Michael Jackson saiu do anonimato à frente do grupo Jackson Five, ao lado de seus irmãos, na década de 1960. Mas foi sozinho que se consagrou.

O auge de seu sucesso se deu com o lançamento do álbum Thriller, em 1982, que mistura soul, funk e disco e pop. O disco, que ficou por 80 semanas no top 10 dos Estados Unidos, incluindo 37 semanas em primeiro lugar, contou com a participação de grandes nomes, como Paul McCartney (“The girl is mine“) e o guitarrista Eddie Van Halen (“Beat it“). Recebeu 27 discos de platina (27 milhões de cópias) nos EUA e foi o único álbum que liderou as vendas durante dois anos consecutivos (1983 e 1984).

O videoclipe da música tema, e homônima, do álbum, dirigido pelo cineasta John Landis (The Blues Brothes e Um Lobisomem Americano em Londres), foi reconhecido como inaugurador de um novo formato. A música também conta com a lendária participação do ator Vicent Price, que narra o final da música.

Sucessos memoráveis

Aquele estrondo nunca mais se repetiu nem na carreira de Jackson, nem de nenhum outro músico. Mas, embora apenas a genial Thriller, com seu vídeo mítico, já justifique a fama de Jackson, é um erro dizer que ela foi sua única grande obra. Ele também compôs sucessos memoriáveis, com fina qualidade musical e artística e com sua voz que desliza como seda.

Em 1985 ele co-produziu e co-escreveu a música We Are The World, que ajudou a estabelecer o padrão contemporâneo de militância cívica e cosmopolita dos artistas.

O cantor também se apresentou ao vivo no Brasil em 1993, voltando ao país em 1996 para gravar o clipe da canção They Don’t Care About Us (Eles não se preocupam com nós), no Rio de Janeiro e na Bahia, com o grupo Olodum.

Acusações

Escândalos e acusações envolveram o artista a partir de 1993. Ele teve de responder a longos processos e acusações de pedofilia. O último destes julgamentos terminou em junho de 2005 com sua absolvição de todas as dez denúncias.

Em março de 2009, depois de várias tentativas de recomeço, o cantor anunciou uma turnê de 50 apresentações em Londres, que se estenderiam até fevereiro de 2010. A expectativa do público era tão grande que os ingressos se esgotaram depois de algumas horas de serem postos à venda.

Mas os shows não ocorreram. No dia 25 de junho de 2009, Jackson sofreu uma parada cardíaca em sua casa, em Los Angeles, e morreu aos 50 anos de idade.

Dramas pessoais

Em 2000 Michael concedeu uma entrevista ao repórter britânico Martin Bashir e falou sobre a relação problemática com o pai, o ex metalúrgico, que se tornou empresário dos filhos, Joseph Jackson.

Em parte, a rigidez do trabalho que fazia desde muito criança explicavam porque ele se tornou um adulto com hábitos infantis, fato que tem na construção de seu propriedade, Neverland, um misto de rancho e parque de diversões, sua maior expressão.

Além disso, em uma longa e pública agonia, Michael Jackson se metamorfoseou. Afinou o nariz , alisou o cabelo, clareou a pele. Tornou-se um ser humano integralmente excêntrico.

Sua imagem cada vez mais estranha, entretanto, não o diminuiu perante a comunidade negra nos EUA – o superstarrepresentava uma cultura de raiz e nunca renegou sua origem.

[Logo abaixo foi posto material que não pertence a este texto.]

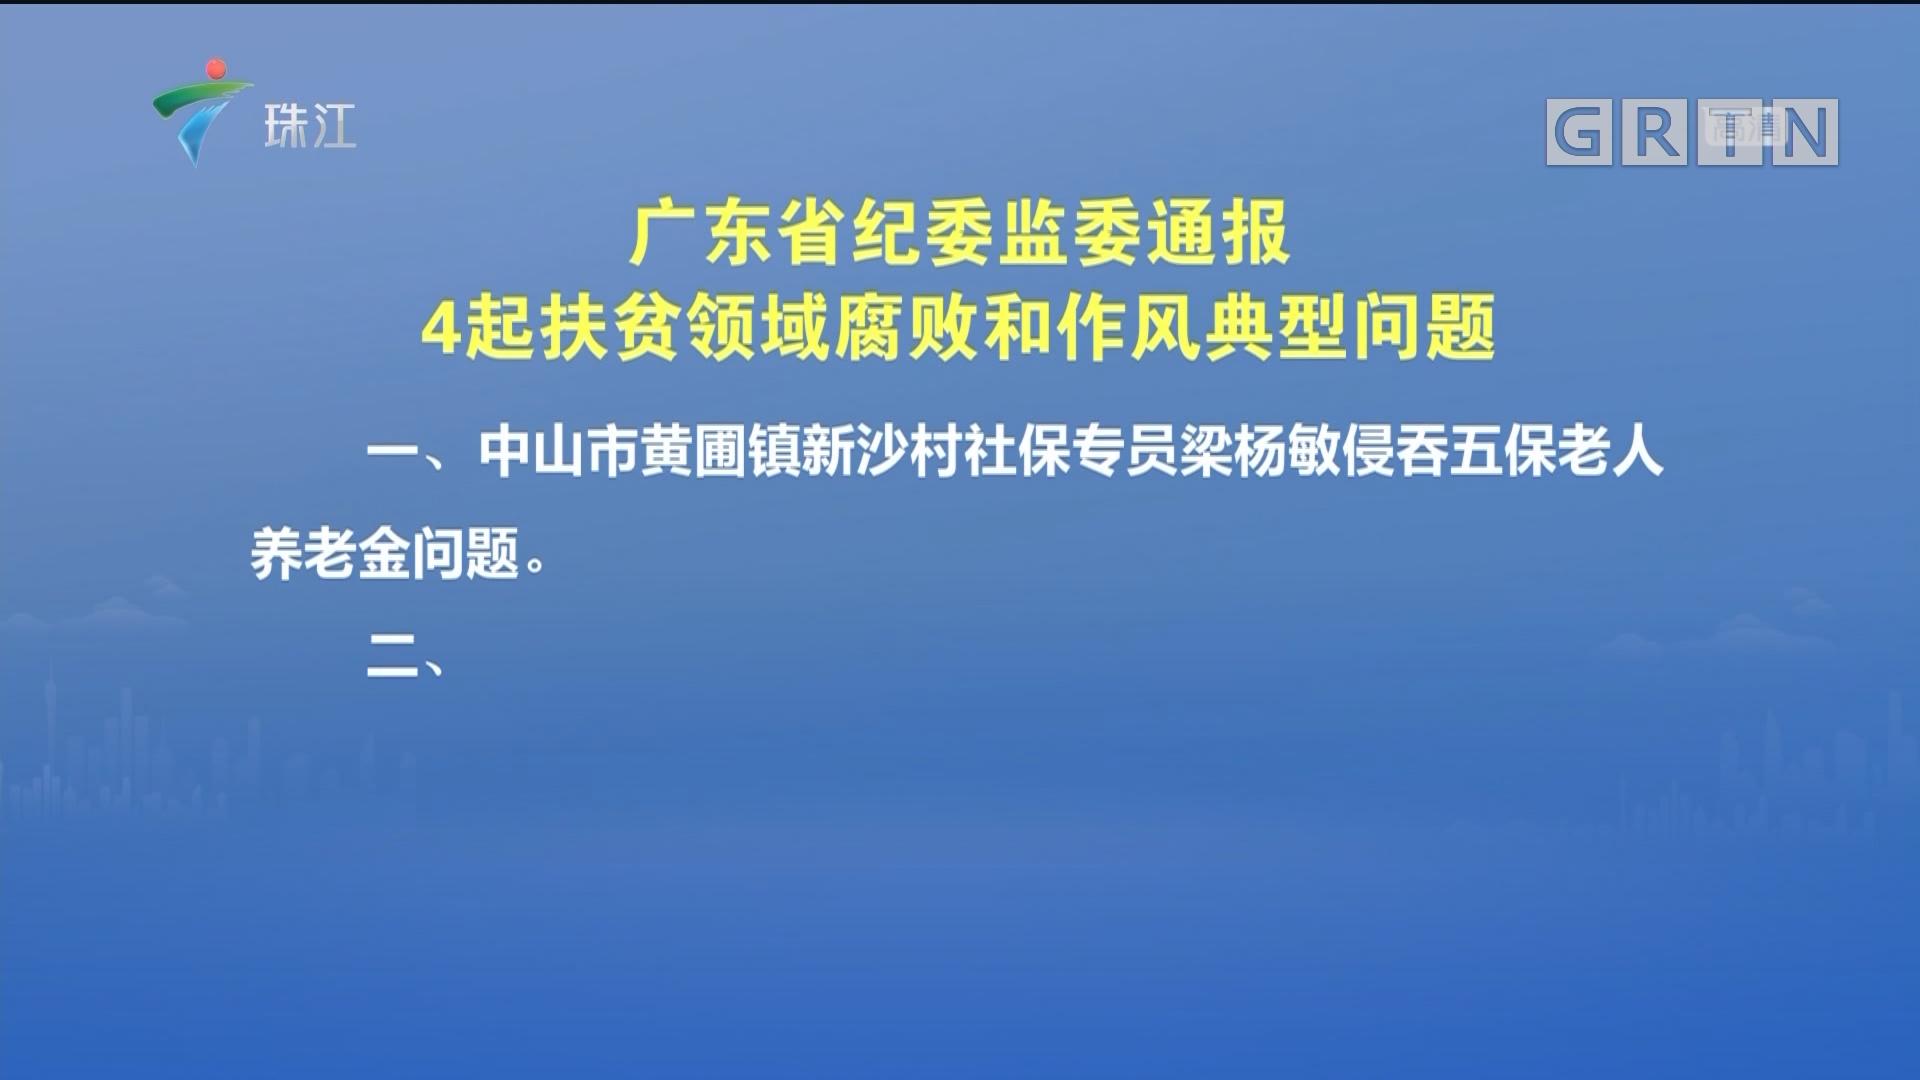 广东省纪委监委通报 4起扶贫领域腐败和作风典型问题

A análise da obra de Michael Jackson vai longe. Ela é cheia de símbolos e contradições, e envolve toda uma geração formada no difícil contexto econômico das décadas de 1980 e 1990. Naquele período, com o advento do canal musical MTV e com o crescimento acelerado de novas tecnologias, o universo pop explodiu, ditando regras e se infiltrando em todos os poros da vida dos jovens. Jackson não é fruto deste processo, ele é precursor dele.

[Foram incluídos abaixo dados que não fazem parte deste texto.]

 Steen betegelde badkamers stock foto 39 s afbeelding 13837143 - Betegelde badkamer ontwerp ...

Os rebeldes, os marginalizados e  os contrarregras

Em suas músicas e videoclipes, ao contrário do mocinho branco, ocidental e redentor, que combate o “incômodo” à classe burguesa, ele encarna os rebeldes, os marginalizados,  os contrarregras. Basta ver em BAD e no icônico Thriller, onde, em vez de combater zumbis ele é o próprio zumbi.

Desde o ABC, dos irmãos Jacksons Five, até a preparação para a turnê This is It, em Londres, Michael Jackson teve uma carreira densa que fez escola e influenciou milhões de pessoas.